为适应PECVD镀膜设备对载板的需要,国内PECVD载板产品无论从产品性能,还是结构设计上都不断进行改进。中国专利CN 106364023 A一种碳/碳平板及其制备方法,采用的是碳布加短纤维黏合剂的方式进行热压成型,然后通过气相沉积致密至符合使用密度要求的碳/碳板材。该方法是采用增加层间组分提高层间结合力的方法,提高二维板材的整体性能。但这种板材的主要通过气相CVD工艺增密,故其制备周期长、成本高、性价比低,同时这种结构的载板使用过程中存在断裂的风险。
发明内容
为解决以上现有技术存在的问题,本发明提出一种2D碳/碳PECVD载板的制备方法。
本发明可通过以下技术方案予以解决:
一种2D碳/碳PECVD载板的制备方法,包括如下步骤:
1)将T700级12k碳纤维编织成平纹碳布;
2)对所述12K平纹碳布进行高温活化处理;
3)将所述高温处理过的平纹碳布制备成酚醛树脂预浸料;
4)通过挤压的方法将所述酚醛树脂预浸料丝束展宽;
5)所述酚醛树脂预浸料铺层后经热压固化成型得到树脂基模压板;
6)碳化处理;
7)树脂浸渍-碳化工艺增密,包括真空浸渍-压力浸渍-压力固化-碳化工艺增密;
8)石墨化处理制得2D碳/碳复合材料板材;
9)将所述2D碳/碳复合材料板材进行表面热解炭涂层处理;
10)机加工。
进一步地,所述步骤1)中所述平纹碳布面密度为360~450g/m2。
进一步地,所述步骤2中,高温活化处理温度为1500~2000℃,保温2~4h。
进一步地,所述步骤3)中所述酚醛树脂预浸料,其树脂含量为40%~44%,挥发分含量小于8%;
进一步地,所述步骤4)中,所述丝束宽度4mm~4.5mm。
进一步地,所述步骤5)中,固化温度150~180℃,压力2~4MPa;预浸料铺层根据板材厚度设计,即厚度d=L*S/h,其中L为碳布铺层层数,S为碳布面密度,h为板材所设计的纤维体积密度。

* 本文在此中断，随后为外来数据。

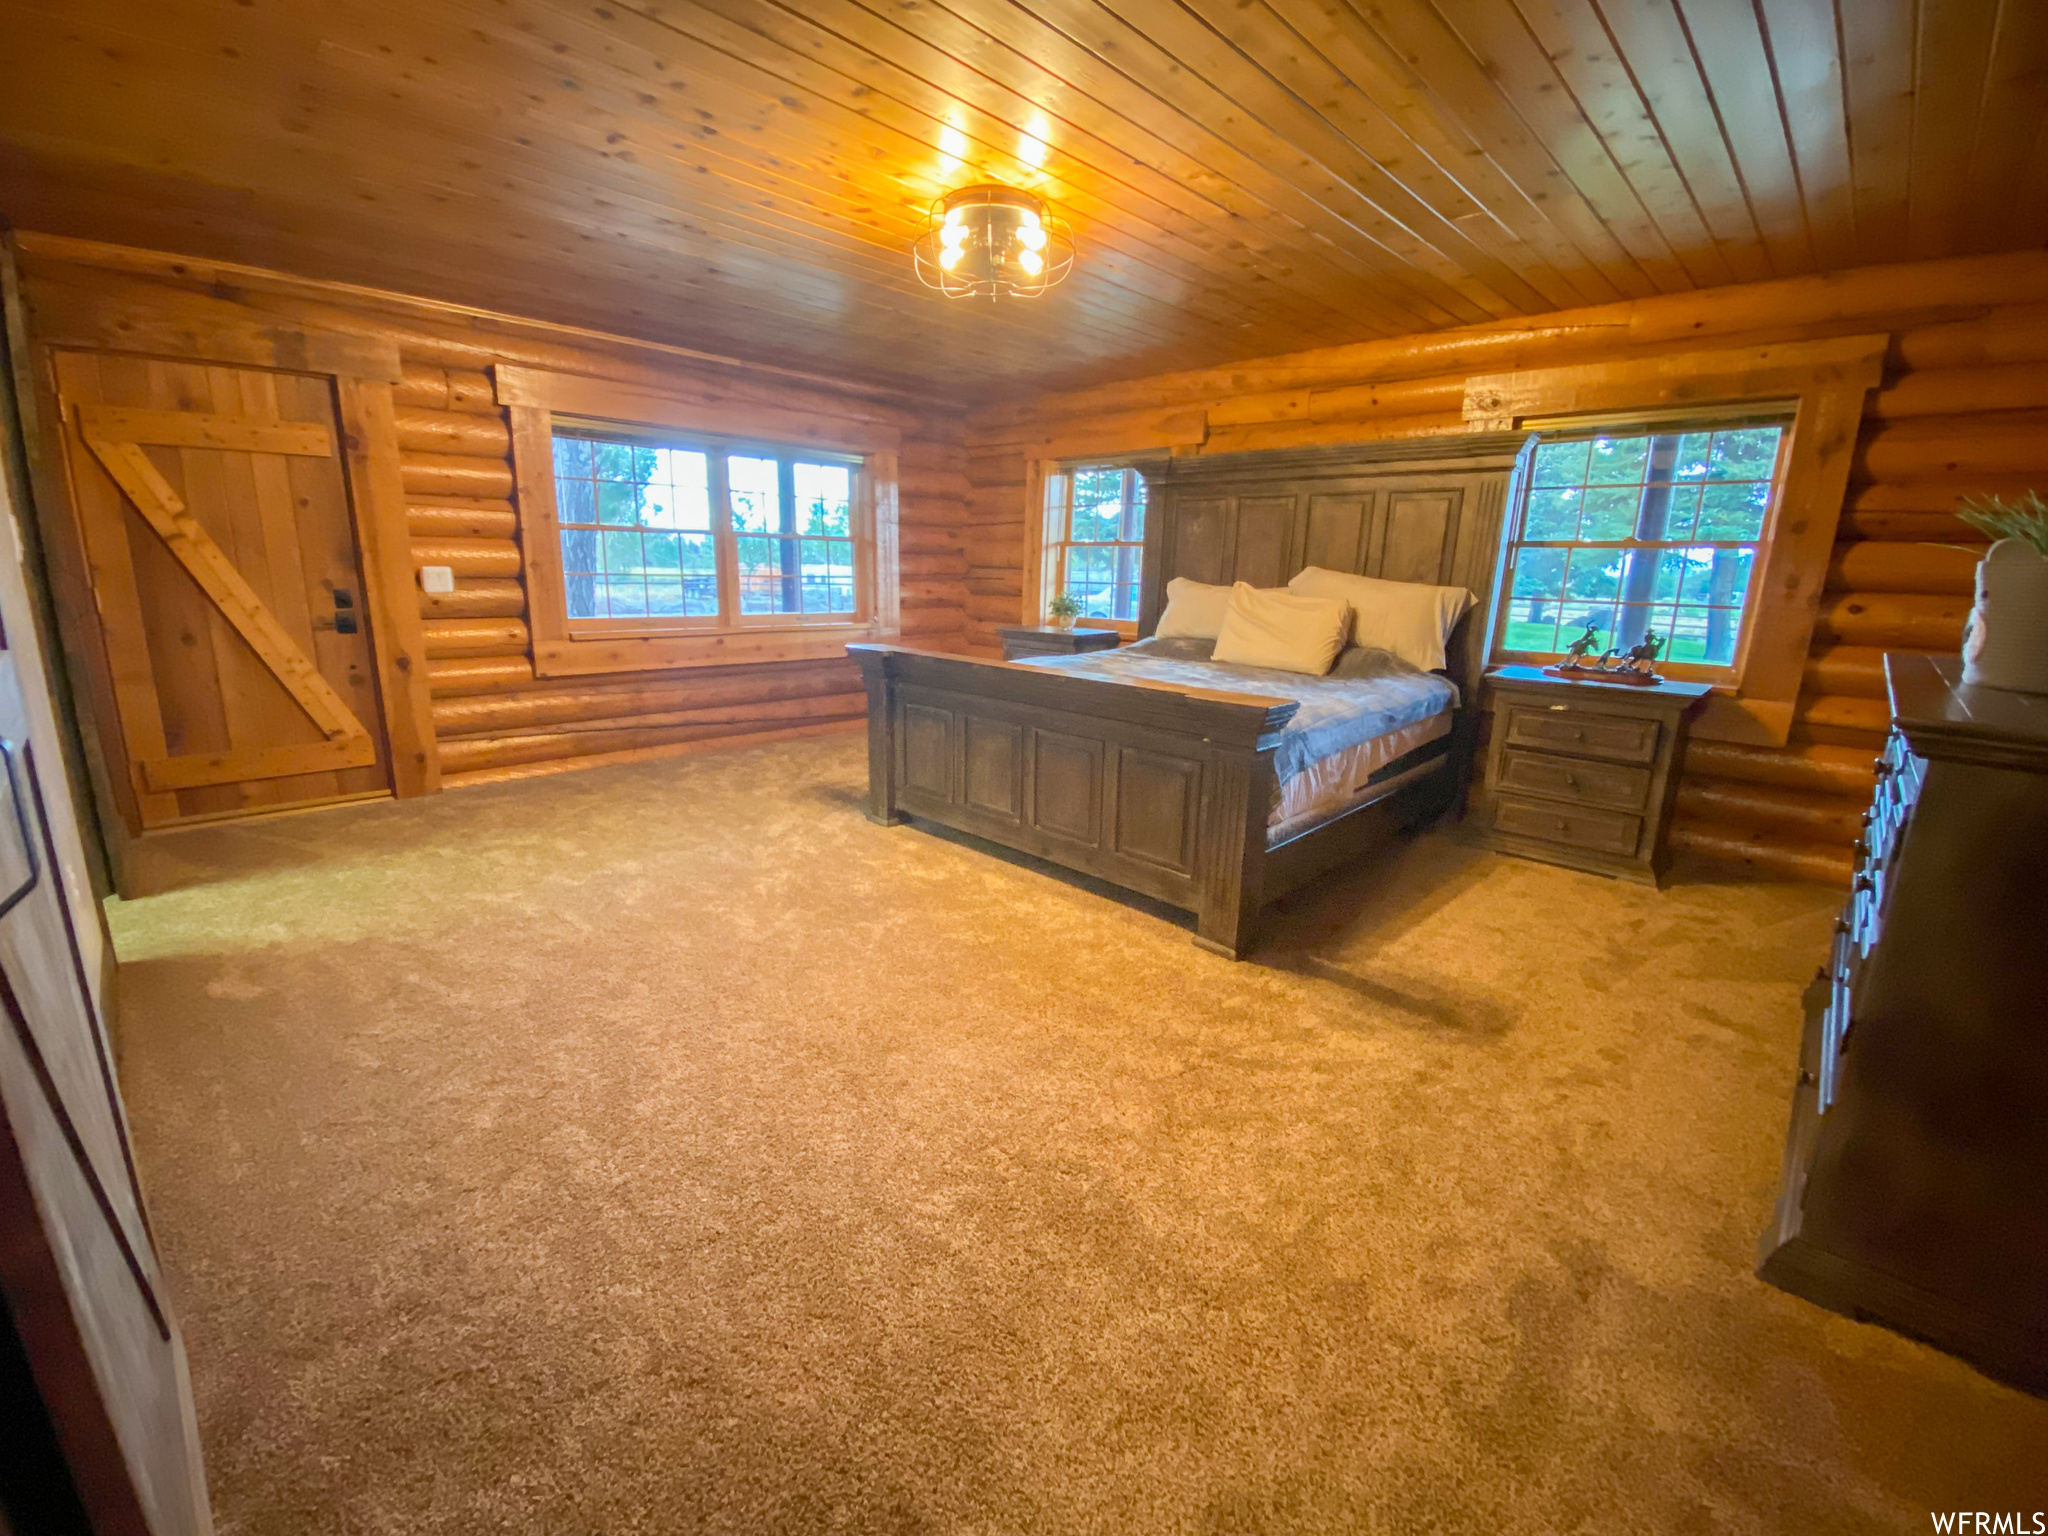 Carpeted bedroom with rustic walls, multiple windows, and wood ceiling
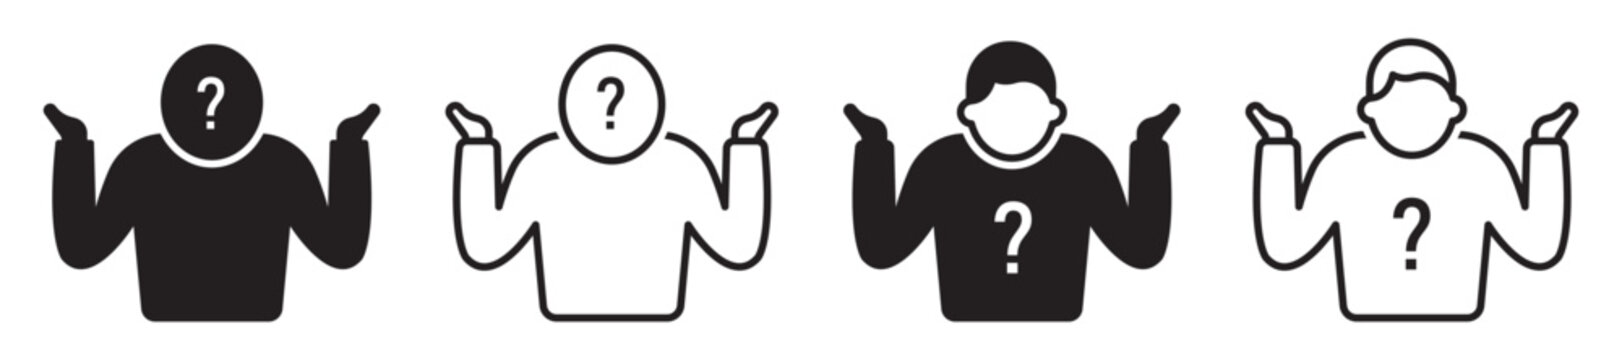 Set of shrug icons, doubt. Question mark, unsure, people, man. Vector.

进一步地,所述步骤6)中,碳化温度在700~900℃之间,保温2~4h;且碳化处理时,为保证板材的平整性,板材上面施加压力,压力不小于0.15MPa。
进一步地,所述步骤7)中,所述浸渍压力与固化压力不低于1.5MPa。
进一步地,所述步骤8)中,所述石墨化处理温度在2000~2400℃,保温时间1~4h。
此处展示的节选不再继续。